• _Exercise data_

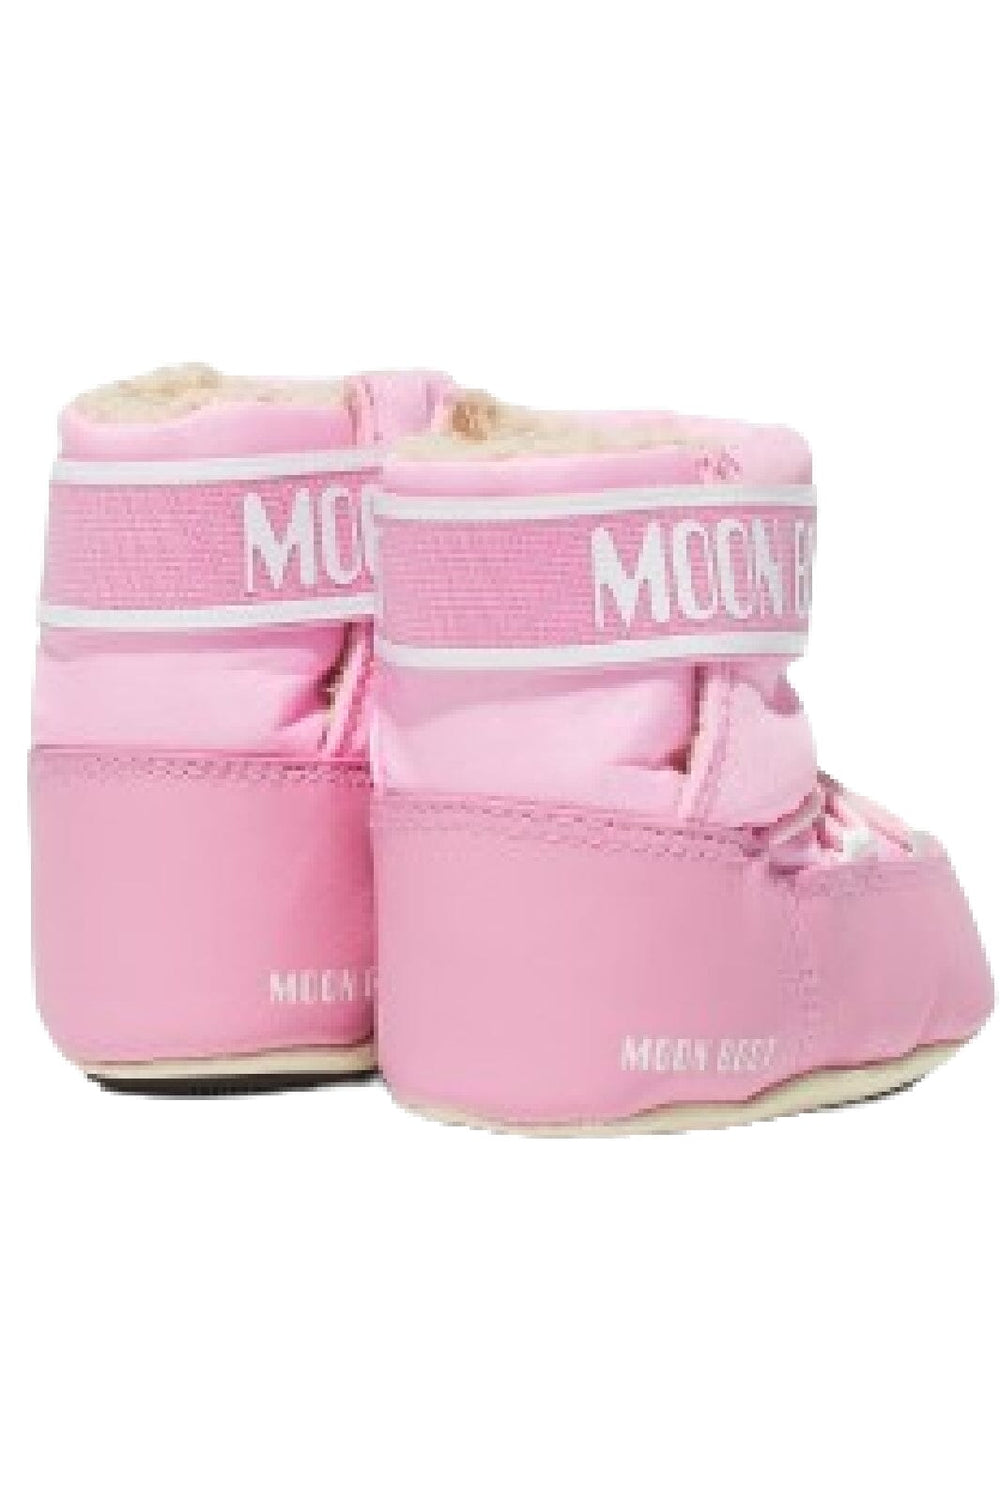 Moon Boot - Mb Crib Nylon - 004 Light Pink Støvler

* * *

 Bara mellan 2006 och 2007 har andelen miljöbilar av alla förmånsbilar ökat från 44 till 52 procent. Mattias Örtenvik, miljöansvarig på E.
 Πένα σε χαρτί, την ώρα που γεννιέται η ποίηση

---

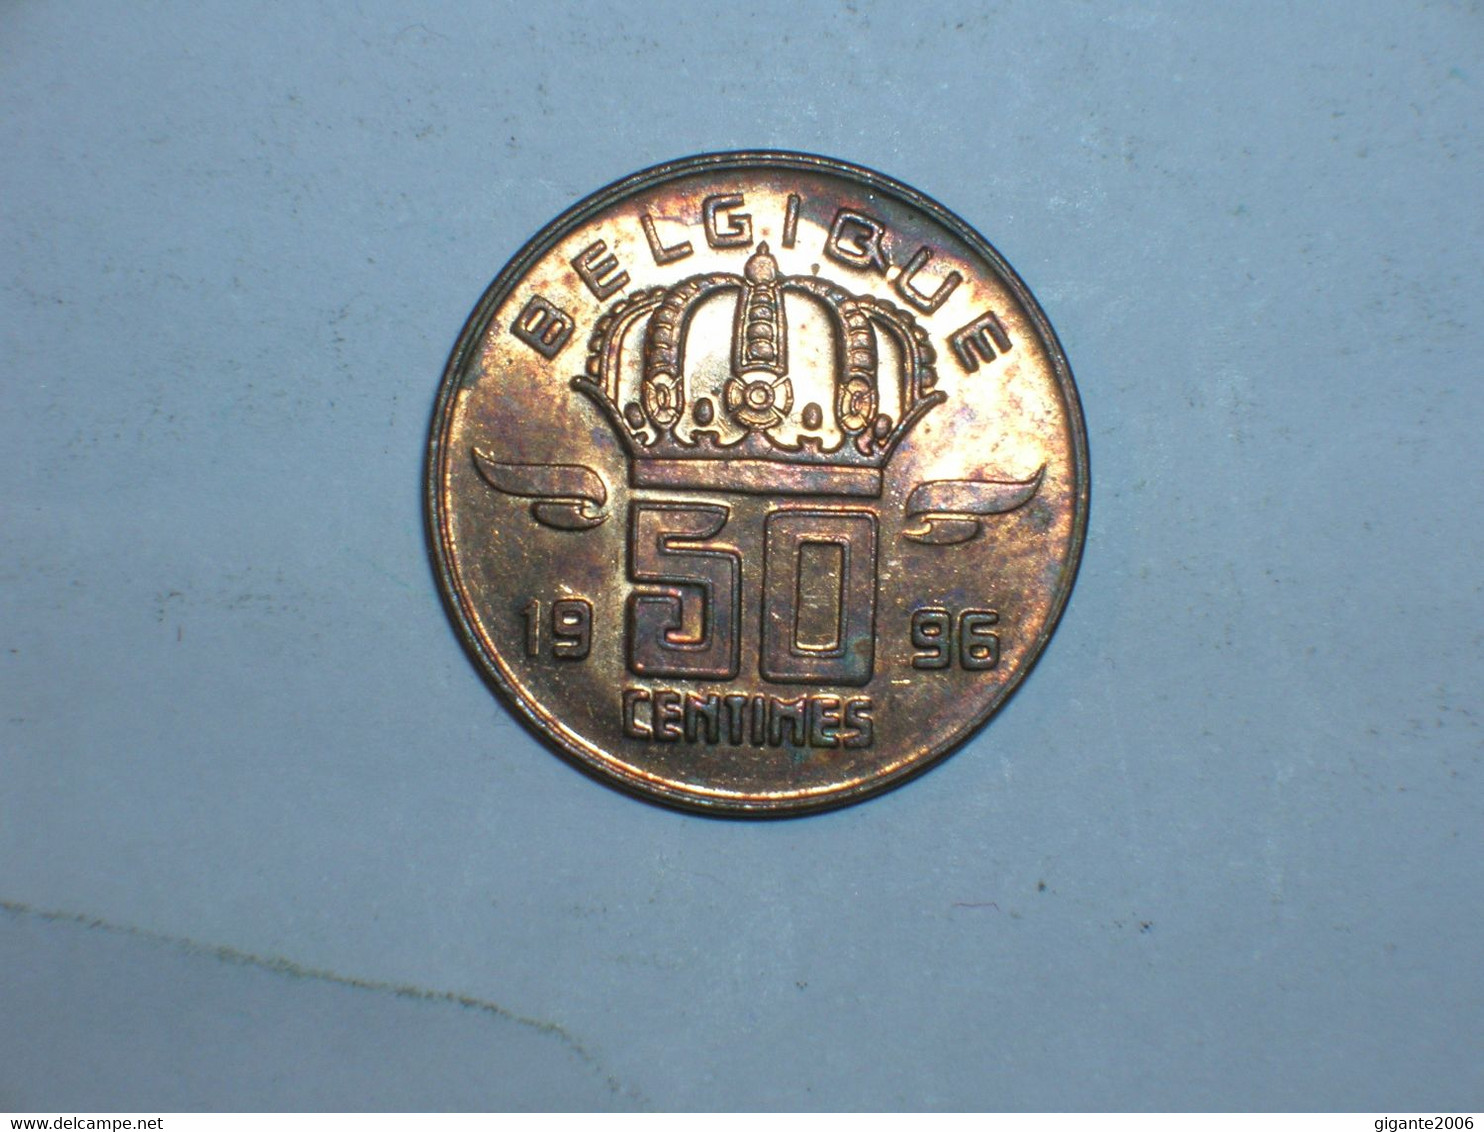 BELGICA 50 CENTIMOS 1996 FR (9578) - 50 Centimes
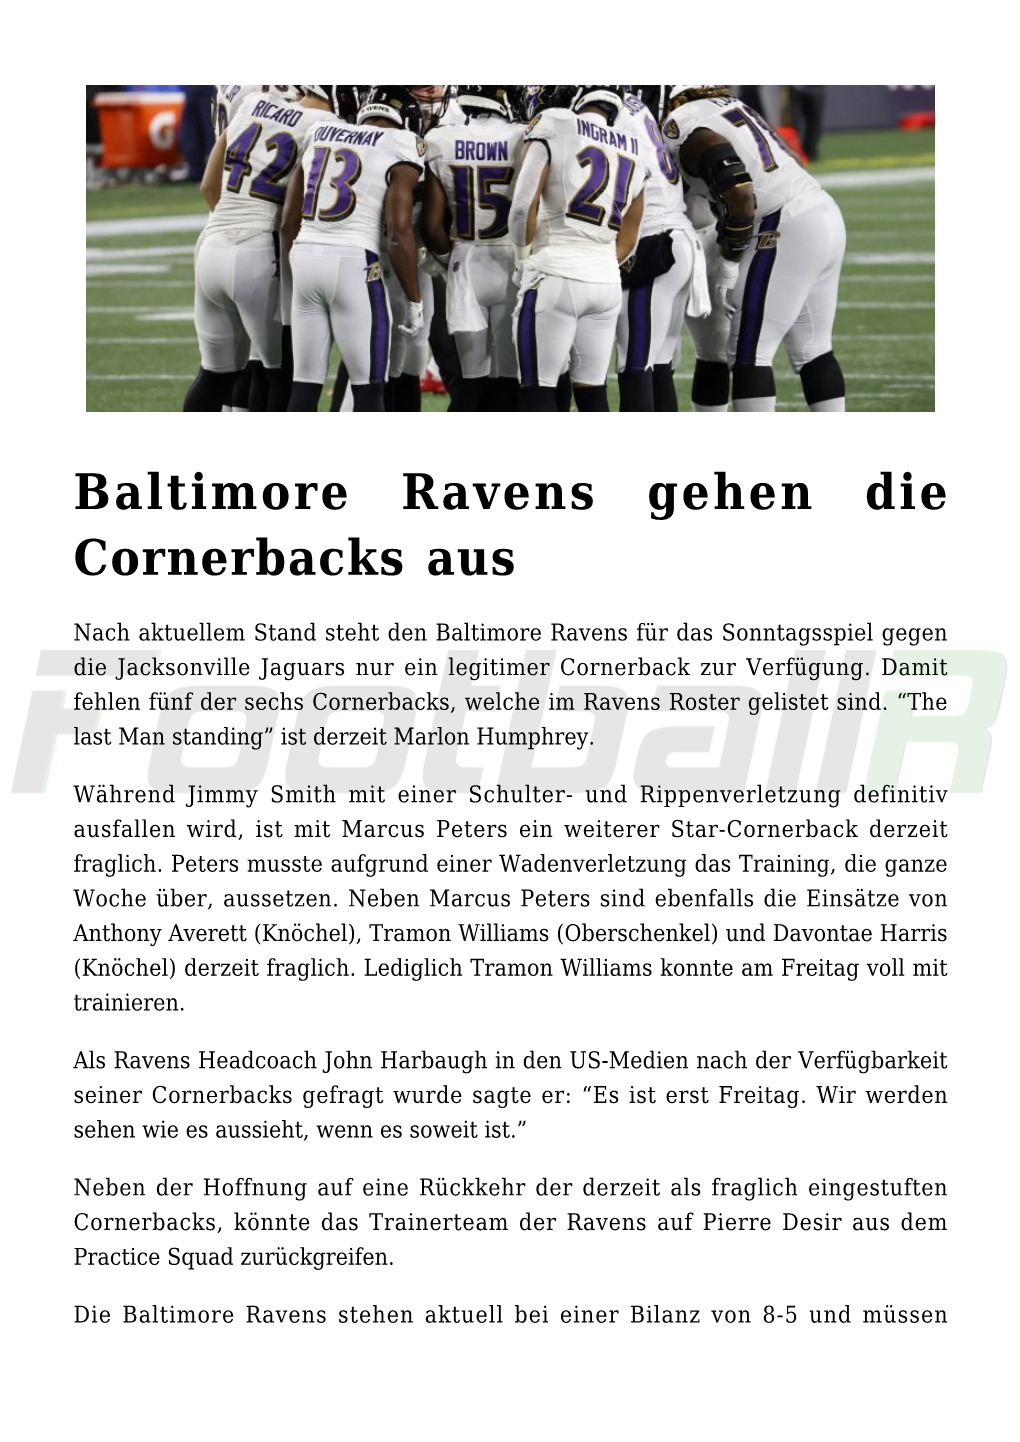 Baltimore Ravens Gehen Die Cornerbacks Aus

• _Assignment_
In the data above, find the line with "Bara mellan 2006" and the line with "Πένα σε χαρτί, την". Retype both, plus every line between them, exactly.

• _Exercise output_
 Bara mellan 2006 och 2007 har andelen miljöbilar av alla förmånsbilar ökat från 44 till 52 procent. Mattias Örtenvik, miljöansvarig på E.
 Πένα σε χαρτί, την ώρα που γεννιέται η ποίηση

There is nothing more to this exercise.